In Euripides’ Cyclops, Silenus and his satyr companions have been shipwrecked in the realm of Polyphemus and have become his slaves. 1 Odysseus lands there, meets Silenus, and, conversing with him, asks who inhabits the land:

Odysseus: Who occupies the area? A race of beasts? Silenus: Cyclopes. They live in caves, not roofed houses. Odysseus: Who is their leader? Or do they have a democracy? Silenus: They’re herdsmen. No one has any power over anyone else. Odysseus: Do they sow Demeter’s grain? Or what do they live on? Silenus: Milk and cheeses and meals [borai] of mutton. Odysseus: Do they have Dionysus’ drink, the liquid of the vine? Silenus: Not at all. For that reason, they live in a land without choruses. Odysseus: Are they hospitable, and do they treat strangers with respect? Silenus: They claim that strangers have the most delicious flesh. [End Page 179] Odysseus: What do you mean? They like meals [borai] of men they have killed? Silenus: Everyone who comes here has been eaten up.

(117–28)

Silenus has rapidly made clear the beastly level of Cyclopean gastronomy. The savagery of the Cyclopes’ diet is underlined by his diction: the LSJ tells us that the word translated twice here as “meals,” borai, is more appropriately used to describe food for animals than for people. Silenus also lets us know that the Cyclopes are herdsmen and, like atavistic throwbacks to a time before cereal culture, raise no grain. 2 They are so backward that they do not have even wine. One dire consequence of this is spelled out by Silenus: they have no choruses. Polyphemus himself later illustrates another: they totally lack sympotic sophistication (483–589). So great is their culinary degeneracy, that, in defiance of the accepted norms of hospitality, they eat strangers who visit their realm. Not only, however, do the Cyclopes lack the elements of a cultured cuisine, they also lack basic political institutions. They have no ruler, nor do they have a democracy: as Silenus says, “no one has any power over anyone else.” The lack of political institutions and of culinary development may at first seem like two independent elements of a culturally deprived life. This is not the case, however. We shall see that in early Greek culture there is a strong connection between eating and politics. Indeed, it will soon be apparent that the Cyclopes’ culinary and political deficiencies are closely related.

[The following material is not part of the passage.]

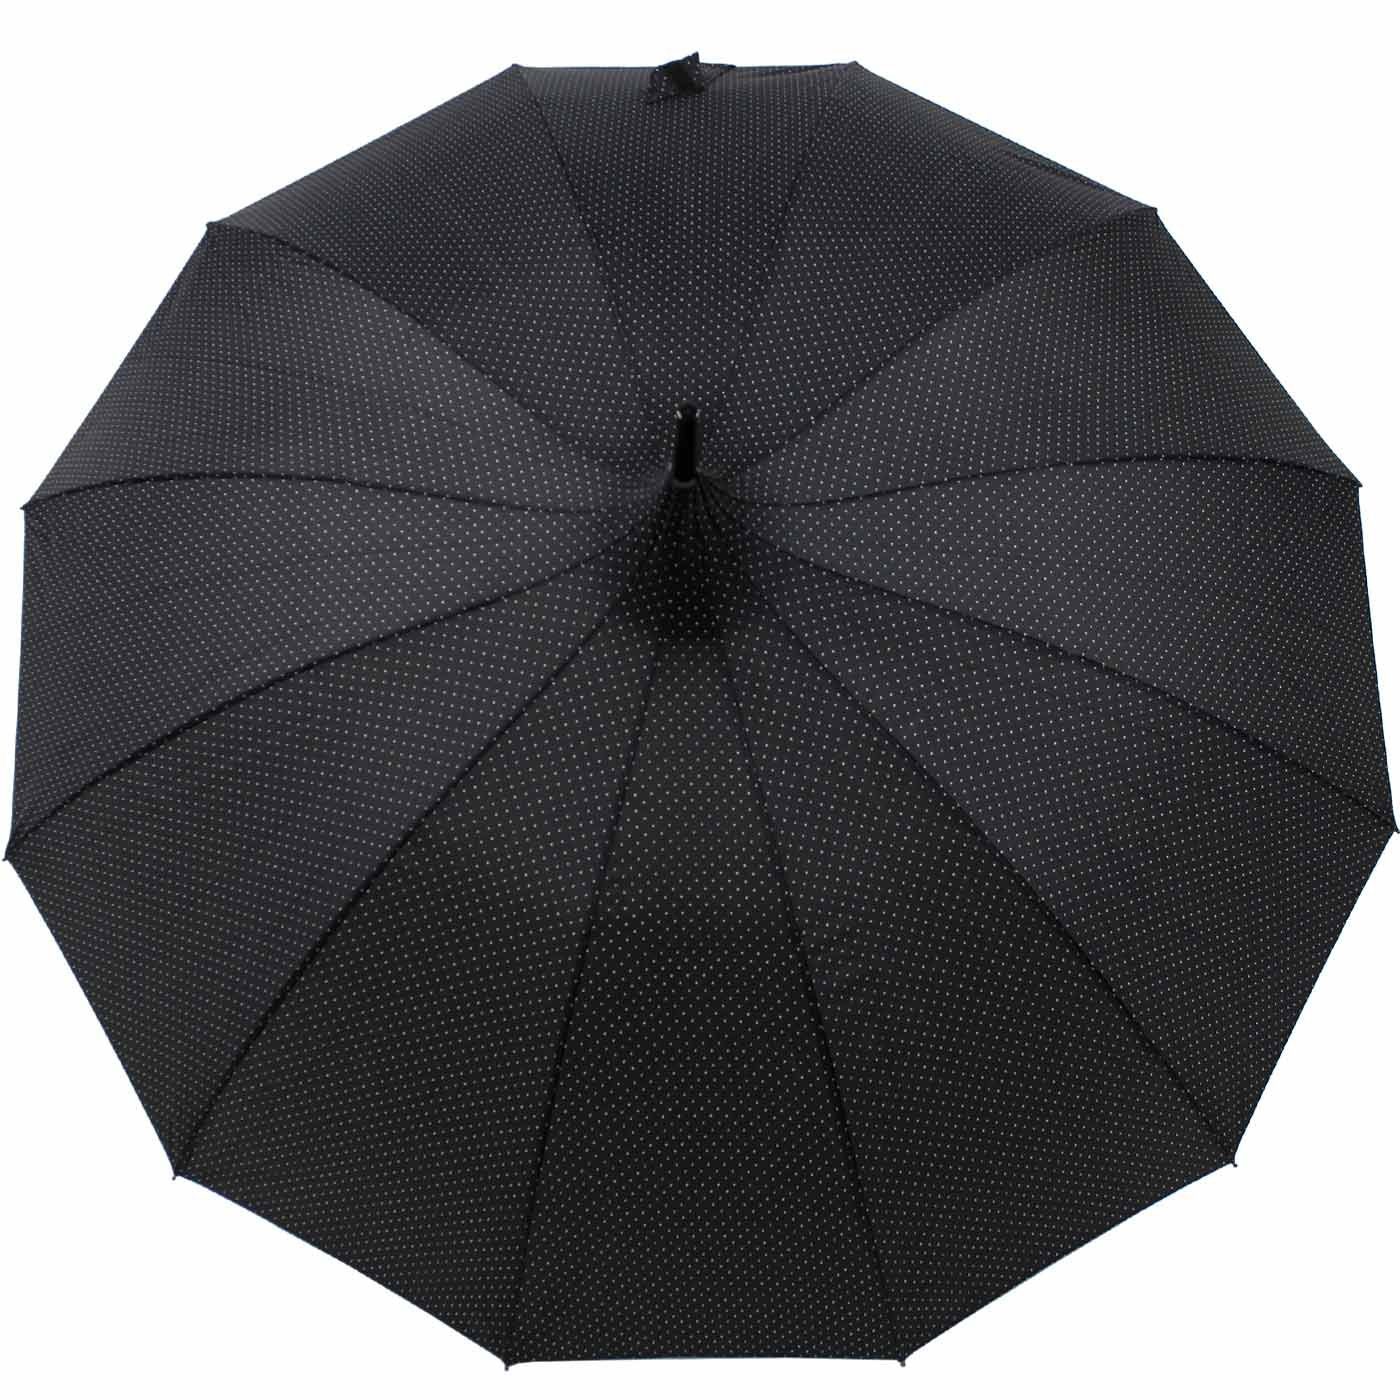 Langregenschirm Auf-Automatik, mit Damenschirm schwarz elegante doppler® mit Punkten Pagodenform geformter auffällig dezenten

It is my hope to demonstrate this relationship. Emphasis will be placed on representations of eating in the Iliad and the Odyssey. It will then be shown how the patterns uncovered in Homeric texts lived on in later documents and institutions. It is impossible to know how accurately the life portrayed in the Homeric poems represents the historical conditions of any real society. 3 It may be true that the analysis of institutions [End Page 180] described in them is relevant only to an ideal world or to an aristocratic ideology. Such complex issues, however, may be avoided by merely analyzing certain aspects of eating as presented by Homer without thought of how well those aspects match the practice of any actual people. In the endeavor, of course, caution must be exercised not to expect too much of the data. Even if Homer’s narrative does represent some actual society, it is the nature of narrative to be selective, and it would therefore be inappropriate to try to extract from the poems either a comprehensive picture of foodways or any quantitative data about them. Nevertheless, it is impossible not to be struck by how consistent representations of eating in Homer are, and, moreover, not to acknowledge that patterns revealed in the Homeric representations had a long afterlife not only in later texts but even in social institutions.

Feasting and the Homeric Political Economy

On the shield of Achilles, a microcosm of the Iliadic world, is wrought a scene which reveals some political aspects of eating.

And he put on it [the shield] the precinct of a king. There workmen were reaping with sharp sickles in their hands. Some of the bunches of grain were falling...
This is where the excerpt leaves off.